Data Product Analyst employer: Accelerant
Contact Detail:
Accelerant Recruiting Team
StudySmarter Expert Advice 🤫
We think this is how you could land Data Product Analyst
✨Tip Number 1
Network like a pro! Reach out to folks in the insurance and data sectors on LinkedIn. Join relevant groups, attend webinars, and don’t be shy about asking for informational interviews. You never know who might have the inside scoop on job openings!
✨Tip Number 2
Prepare for those interviews by diving deep into Accelerant’s mission and values. Understand their data products and how they impact the insurance domain. This will help you tailor your responses and show that you’re genuinely interested in what they do.
✨Tip Number 3
Practice makes perfect! Get a friend or mentor to conduct mock interviews with you. Focus on articulating your experience in data product analysis and how it aligns with the role at Accelerant. The more comfortable you are, the better you'll perform!
✨Tip Number 4
Don’t forget to apply through our website! It’s the best way to ensure your application gets seen. Plus, we love seeing candidates who take the initiative to engage directly with us. So, go ahead and hit that apply button!
We think you need these skills to ace Data Product Analyst
Some tips for your application 🫡
Tailor Your Application: Make sure to customise your CV and cover letter for the Data Product Analyst role.
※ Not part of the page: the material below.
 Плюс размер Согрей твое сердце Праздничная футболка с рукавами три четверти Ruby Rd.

Highlight your experience in data product design and your understanding of the insurance domain, as this will show us you’re a great fit for our team.
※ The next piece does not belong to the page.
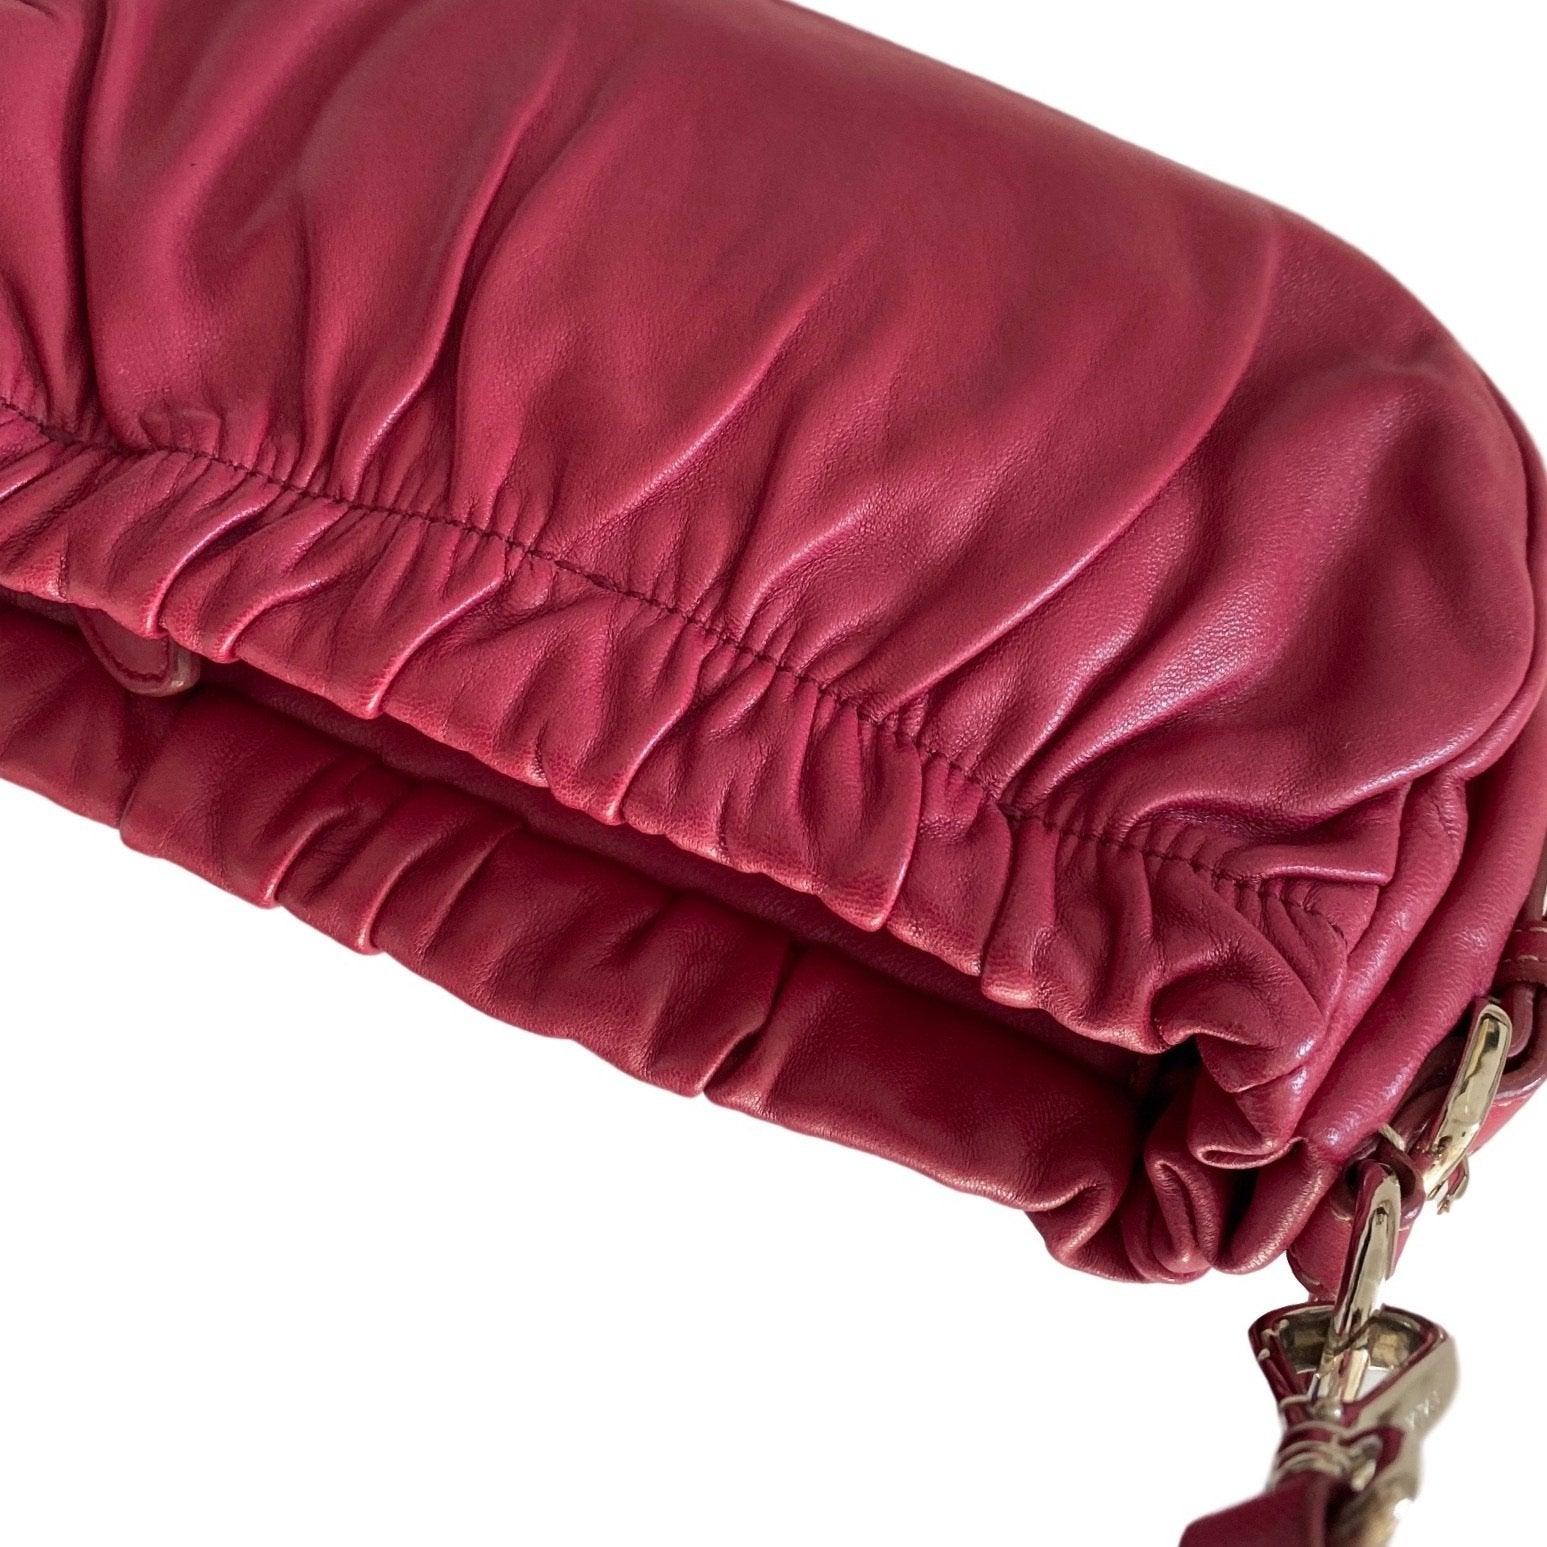 Prada Pink Leather Mini Bow Shoulder Bag - Handbags

Showcase Your Skills: Don’t just list your skills; demonstrate them! Use specific examples from your past roles that align with the responsibilities mentioned in the job description. This helps us see how you can contribute to our data mesh operating model.
Be Clear and Concise: When writing your application, keep it structured and to the point. We appreciate clear communication, so make sure your application reflects that by being decision-oriented and easy to read.
Apply Through Our Website: We encourage you to apply directly through our website. It’s the best way for us to receive your application and ensures you don’t miss out on any important updates regarding your application status.
How to prepare for a job interview at Accelerant
✨Know Your Data Inside Out
As a Data Product Analyst, you'll need to demonstrate a solid understanding of data products and their lifecycle. Brush up on key concepts like data governance, quality thresholds, and the specific metrics relevant to the insurance domain. Be ready to discuss how you would approach defining and designing data products that meet business needs.
✨Showcase Your Communication Skills
Strong structured communication is crucial for this role. Prepare to articulate your thoughts clearly and concisely during the interview. Think about examples where you've successfully driven alignment across different teams, especially in complex projects involving finance or operations.
✨Prepare for Scenario-Based Questions
Expect scenario-based questions that assess your problem-solving skills and ability to manage ambiguity. Practice articulating how you would handle changes in schema or metrics, and how you would communicate these changes to stakeholders. This will show your capability in change management and consumer enablement.
✨Demonstrate Your Domain Knowledge
Familiarise yourself with the specifics of the insurance industry, particularly around reserving, reinsurance, and month-end close processes. Be prepared to discuss how your previous experience aligns with these areas and how you can contribute to the evolution of data products in this context.